The full financial impact of this collection program is expected to be reflected in the second half of 2025 financial year.
Refurbishing business aquired in 2023 for 99,7M AUD
Net profit refurbishing business 2021 / 2022 at average 17M AUD (almost no interest and no depreciation of goodwill)
Net profit refurbishing business 2023 3,2M - 2024 4,4M
But this is with in 2 years total 13,6M depreciation goodwill and 11,8M finance costs.
So total 32,8M in 2 years without depreciaton and finance cost, so per year 16,4M
Ambition to go on the US stock exchange
Most of their facilities currently have capacity to increase production by the addition of additional shifts, so the company can grow with limited capex in the short term. In most cases, capacity can be doubled or tripled
Negative points:
Communication to investors
A lot of operational problems in the last year(s)
High interest rates
Contract with HP for 3 years - to much dependant on 1 customer
A lot of changes in management (or is this a positive point?)
Positive points:
Normalized profit packaging (7M) + refurbishing (15M before interest and depreciation of goodwill?) = 22M versus EV 63,8M (MC 13,8M +net debt 50M)
A lot of growth opportunities (more OEM (original equipment manufacturers) partners, more geographies, more products, more circular demand etc.)
A lof of capacity to increase production
High insider ownership
Mexicaly facility fully operational
Summary
This company is HATED by the stock market because of all the operational problems in the past(?), bad communication from management and the failed take over from Adamantem.
For now the company is priced for bankruptcy. In my opinion this risk is not high with 38M cash and 17M current borrowings (both end 2024).
Besides that, the packaging business is worth 70M? (10 times 7M profit). So only the sell off or spin off of the packaging business will be enough to pay off all the net debt (88M debt, is mostly in the refurbishing business - net debt is 50M).
This opportunity makes it very interesting for a private equity company.

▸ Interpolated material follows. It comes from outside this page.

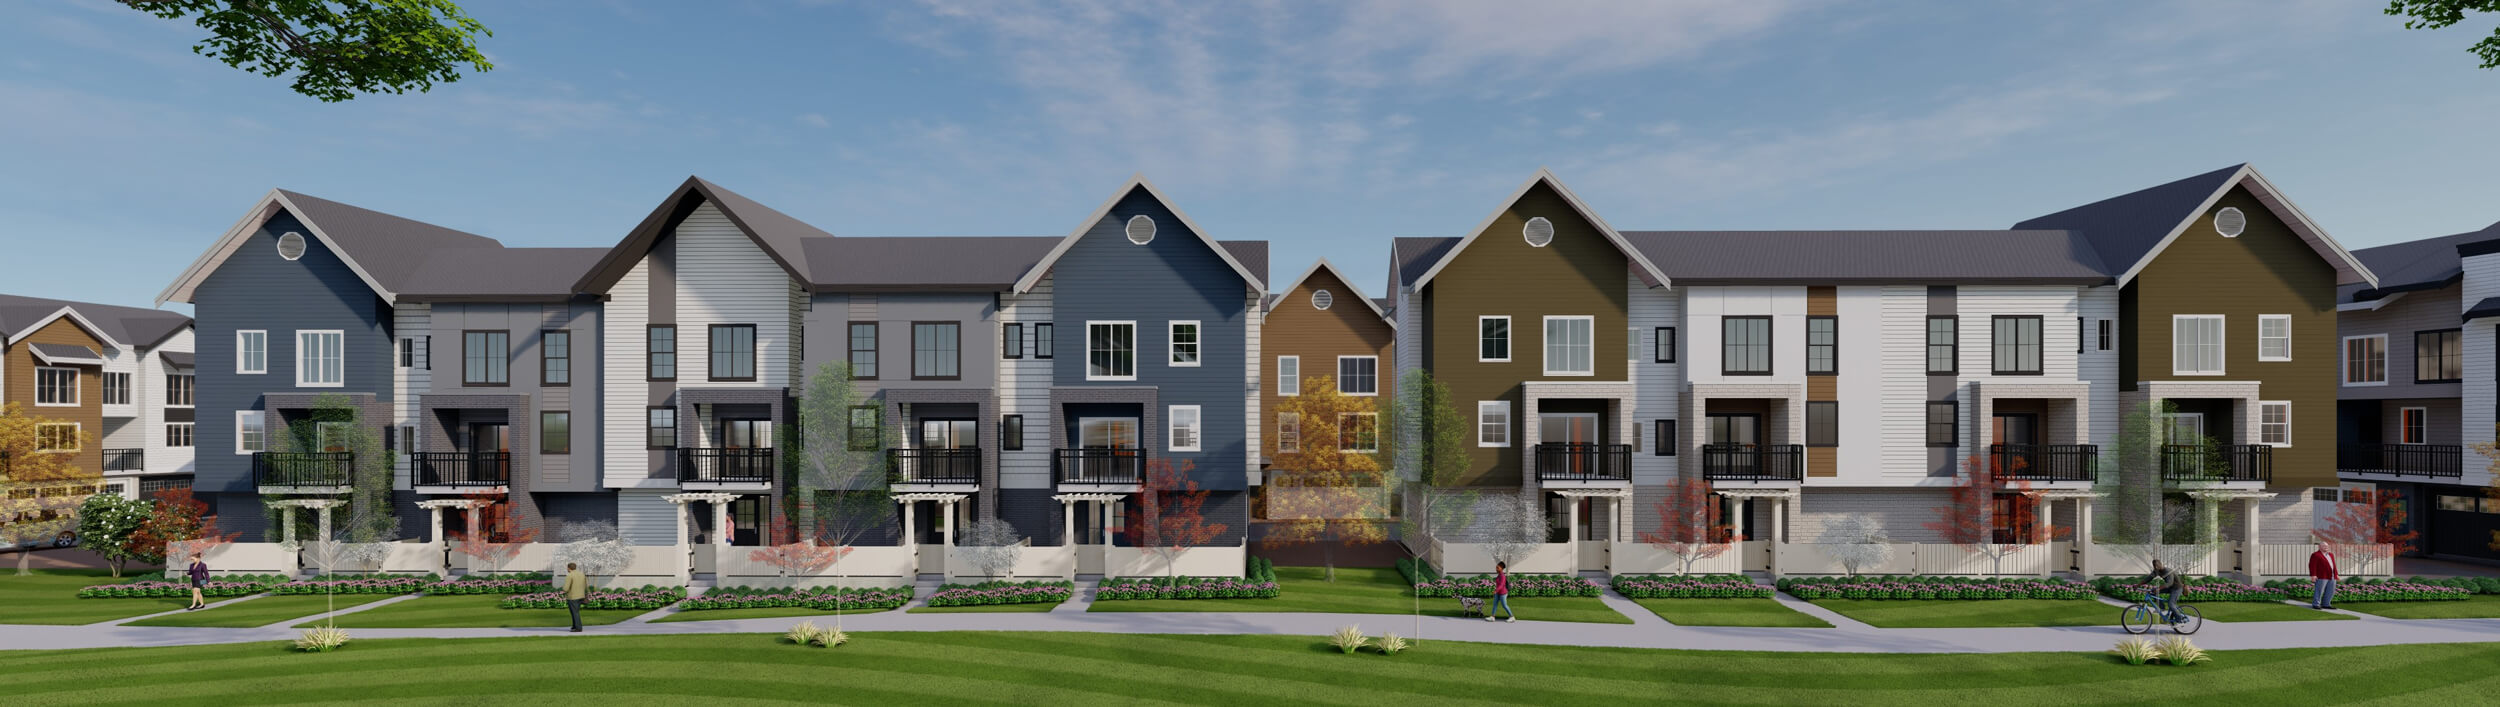 The “Central Gordon Townhomes” development is a multi-family townhomes project in Langley. Design by Group 161 | DF Architecture.
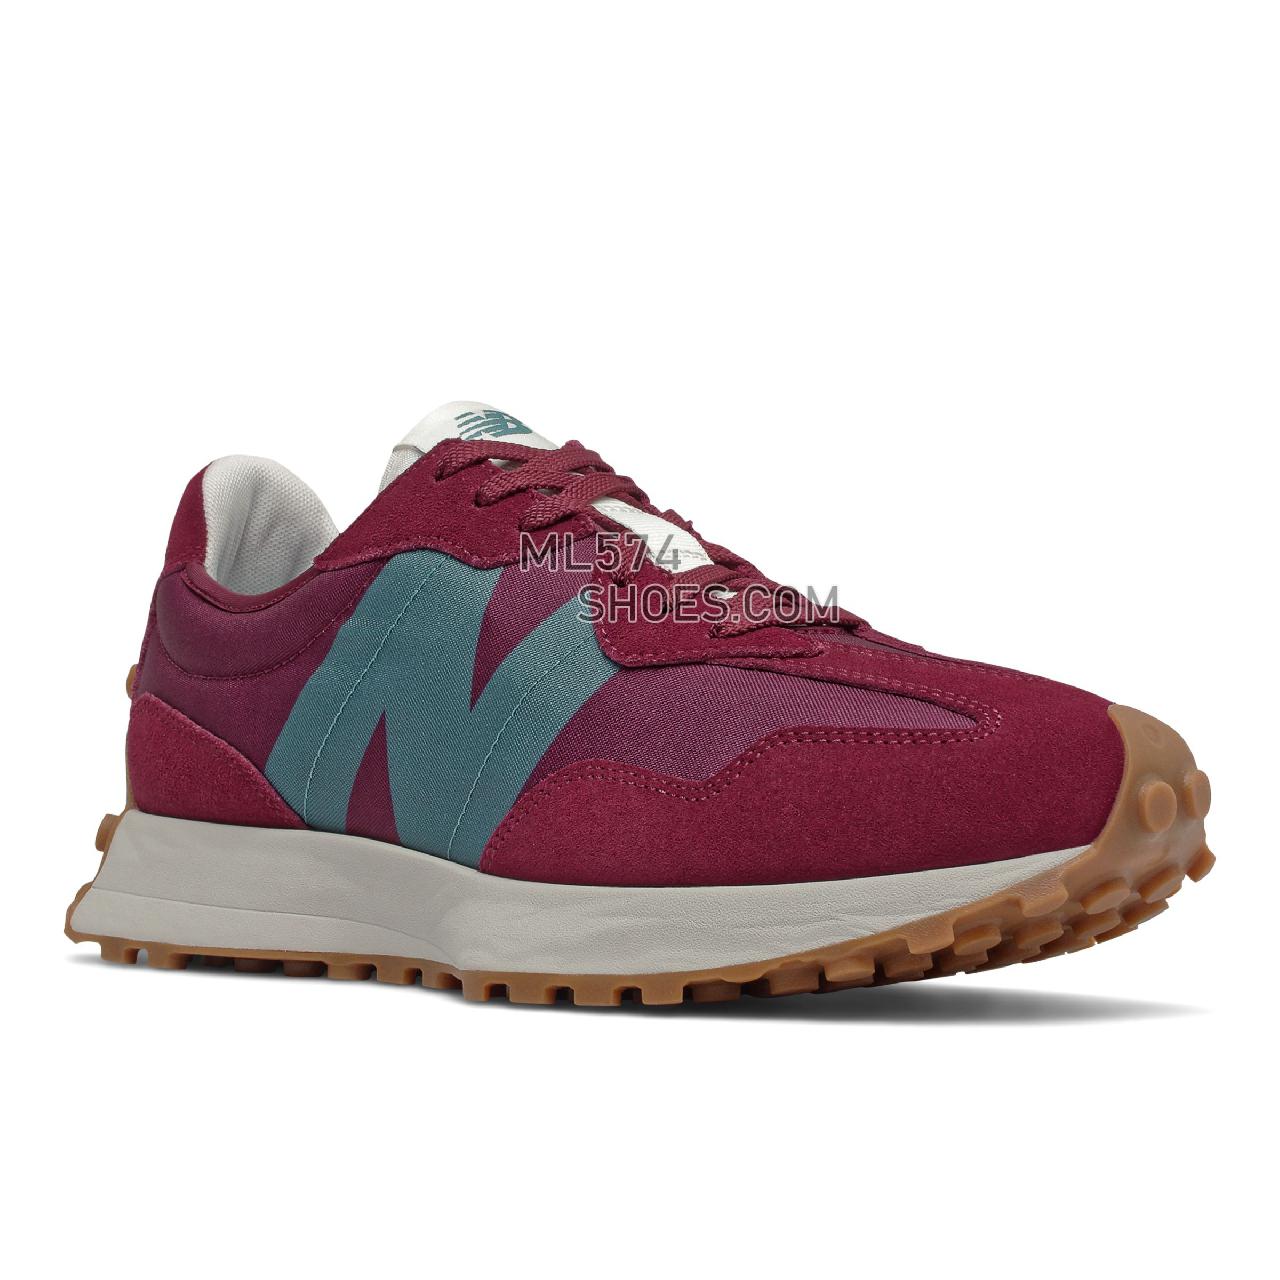 New Balance 327 - Men's Sport Style Sneakers - Garnet with Natural Indigo - MS327HE1

Base case scenario is a company with 22M profit before depreciation goodwill and interest (packaging 7M + refurbishing 15M) and net debt of 50M. Valuation? 10 * 22M -/- 50M == 170M (SP 0,32) versus MC of 13,8M (SP 0,026) > talking about risk / reward!
Bull case scenario - profit can be a lot higher with all this extra refurbishing capacity to increase production and all this extra sale opportunities in the refurbishing business.